Paw paw, our native super fruit

You may not have heard of paw paw yet, although these super fruits are gaining some notice. They're native to the US and Canada and used to be more common. I'm calling them a super fruit, because they're just packed with vitamins and minerals. They've got about the same calories and carbs, and slightly more protein, than common fruits like apples and oranges. According to Kentucky State University (, however, they offer a lot more nutrition overall, including 31% of your vitamin C for the day and 6% and 6.5% of the B-vitamins riboflavin and niacin, plus 8% of your calcium for the day, 10% of your potassium, 6% of your phosphorus, 36% of your magnesium, 56% of your iron (56%!), 7% of your zinc, 22% of your copper, and a whopping 74% of your manganese. Now, I'm not sure what manganese does for you, but I know multivitamins have it and paw paws have it, too! Also, the protein in paw paws contains all the essential amino acids, which is pretty cool for a fruit.

Paw paws have a very creamy texture, like a juicy custard, and taste like a cross between mangos and bananas.
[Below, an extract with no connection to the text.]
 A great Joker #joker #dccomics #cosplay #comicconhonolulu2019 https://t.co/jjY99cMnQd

They're delicious eaten raw; just scoop them right out of the skin with a spoon. Now, folks will tell you that the seeds are easily removed. This is somewhat true, but not if you count getting the flesh off the seeds. As you can see in the first picture below, the seeds are encased in a membrane that holds some of the delicious fruit to them. This problem is solved, of course, with the "eat the fruit right out of the skin with a spoon" method. Just suck the flesh off the seeds. It's delicious, and makes the snack into a little project. If you want to actually get the fruit to use for a recipe, you can scrape through the membrane to the seed, and then pop it out of the flesh. This is a little time consuming, but worth it, because you will want every last bit of that paw paw! Discard the seeds -- by all accounts they contain a toxic substance and should not be eaten. Also, they're huge! But I think they would be great for arts and crafts, and they're easily cleaned, so that might work well.
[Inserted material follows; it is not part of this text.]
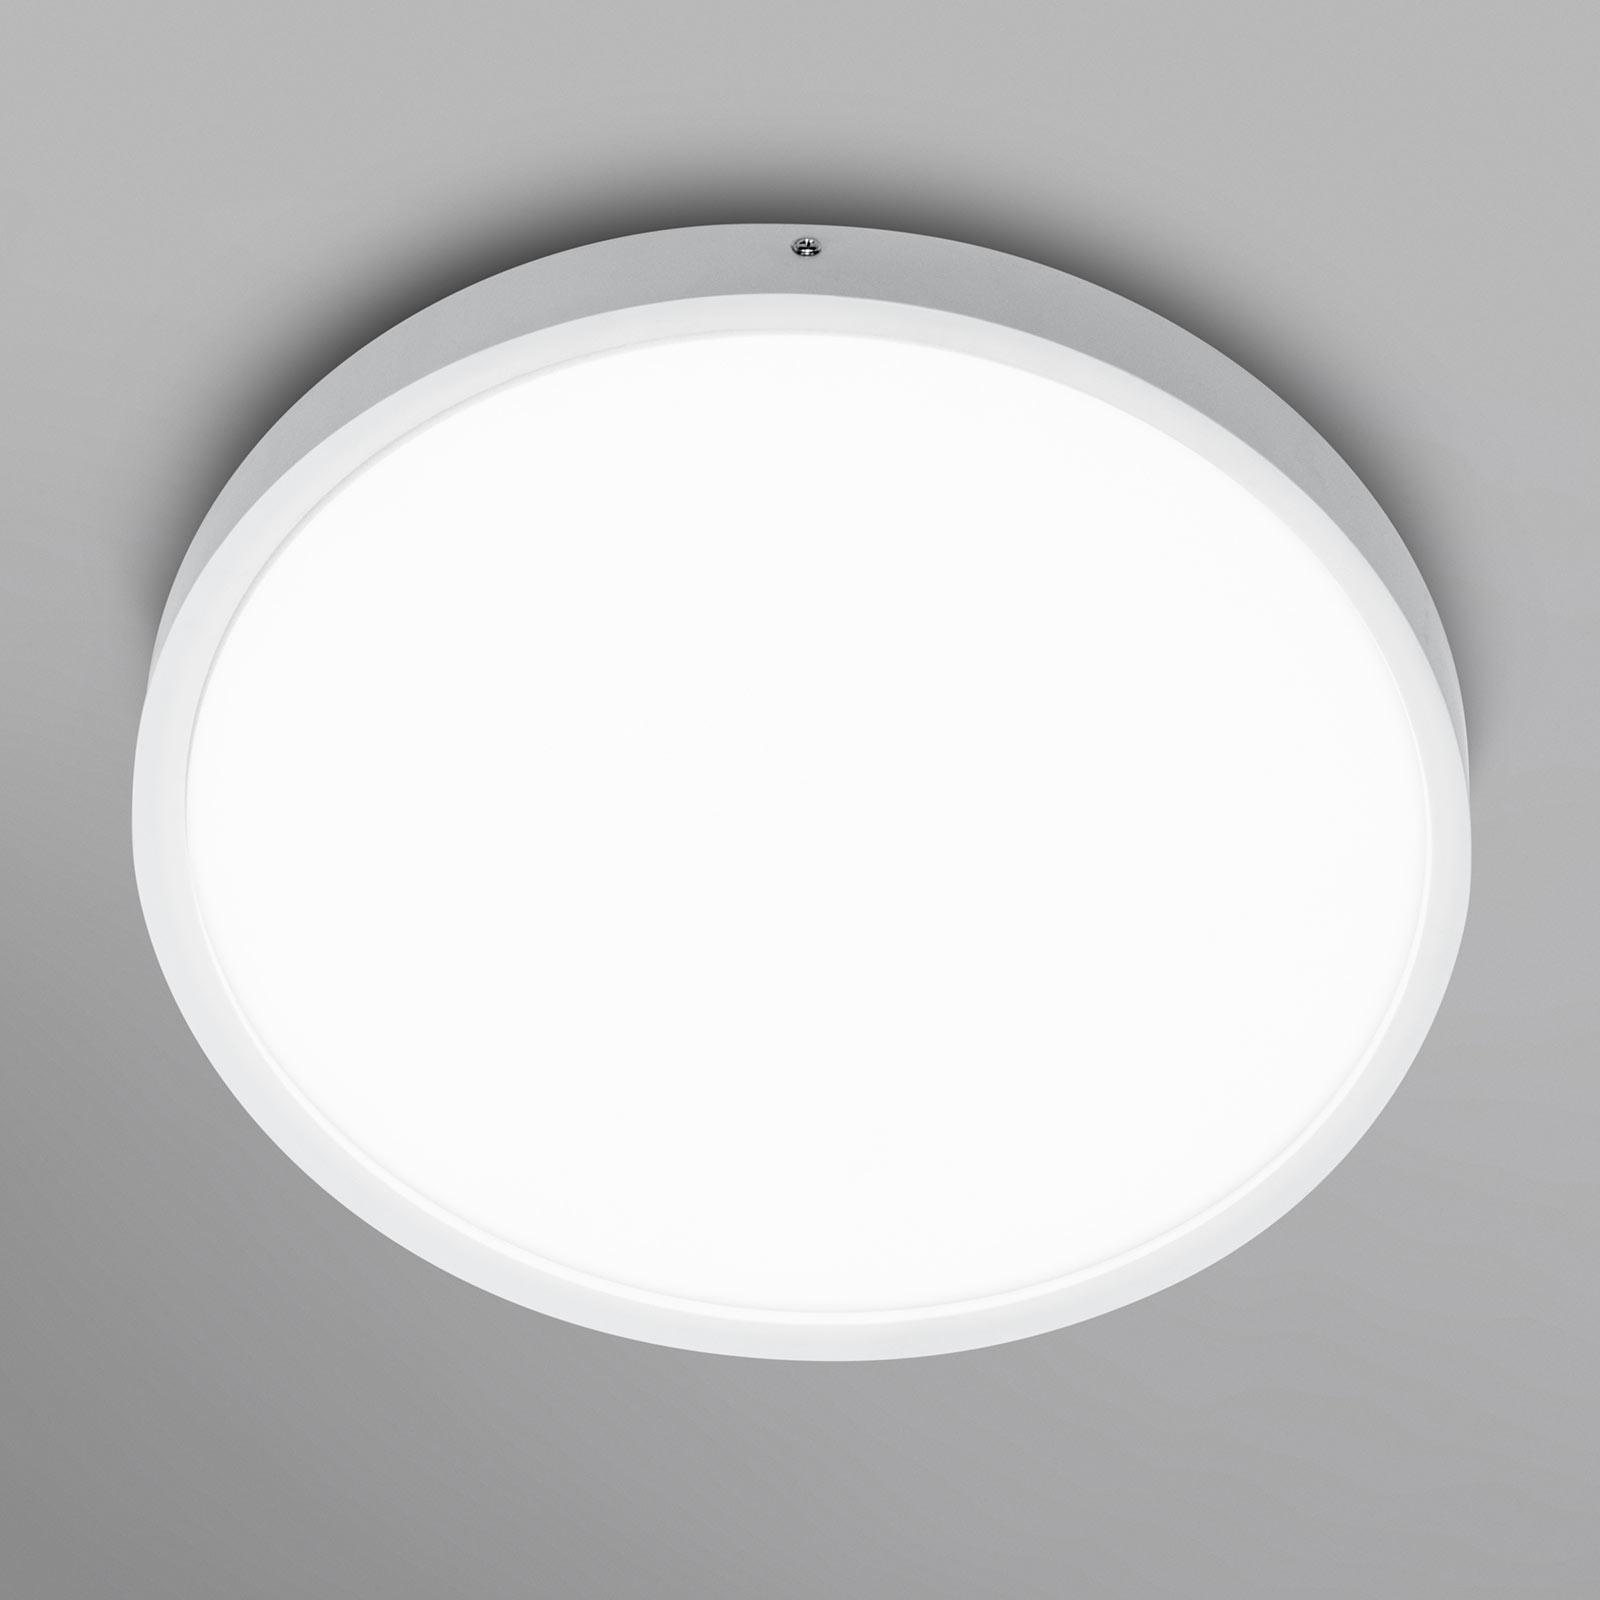 LEDVANCE Planon Round LED-taklampe 60cm 840

These paw paws came to be from my mother's neighbor. They've grown a couple of paw paw trees in their yard for several years now, and the harvests have gotten overwhelming! The fruits come in the fall, but for a rather brief time. They don't last well at room temp, a bit longer in the frig, but they freeze well. The custard texture of the fruit makes them quite delicious as a frozen snack, I hear. When they come in season, these neighbors can have 50-100 ripening a day! So, they send out a neighborhood email, and set the paw paws in bins near the trees, and invite folks to come by and grab a few, or a bunch. Another neighbor makes ice cream, and folks can put in requests for that, too. It's turned in to a whole community happening.

For my first experiment cooking with paw paws, I decided to modify a recipe I use for mango "flan." It's a baked egg custard with cream and pureed fruit, covered with a fruit glaze (in this case lime). The texture with the paw paw was superb! So smooth, and yet dense with a good body. The custard also brought out the unique taste of the paw paw, yielding an even stronger impression of the fruit than you get with the plain raw fruit. I'm very happy with it.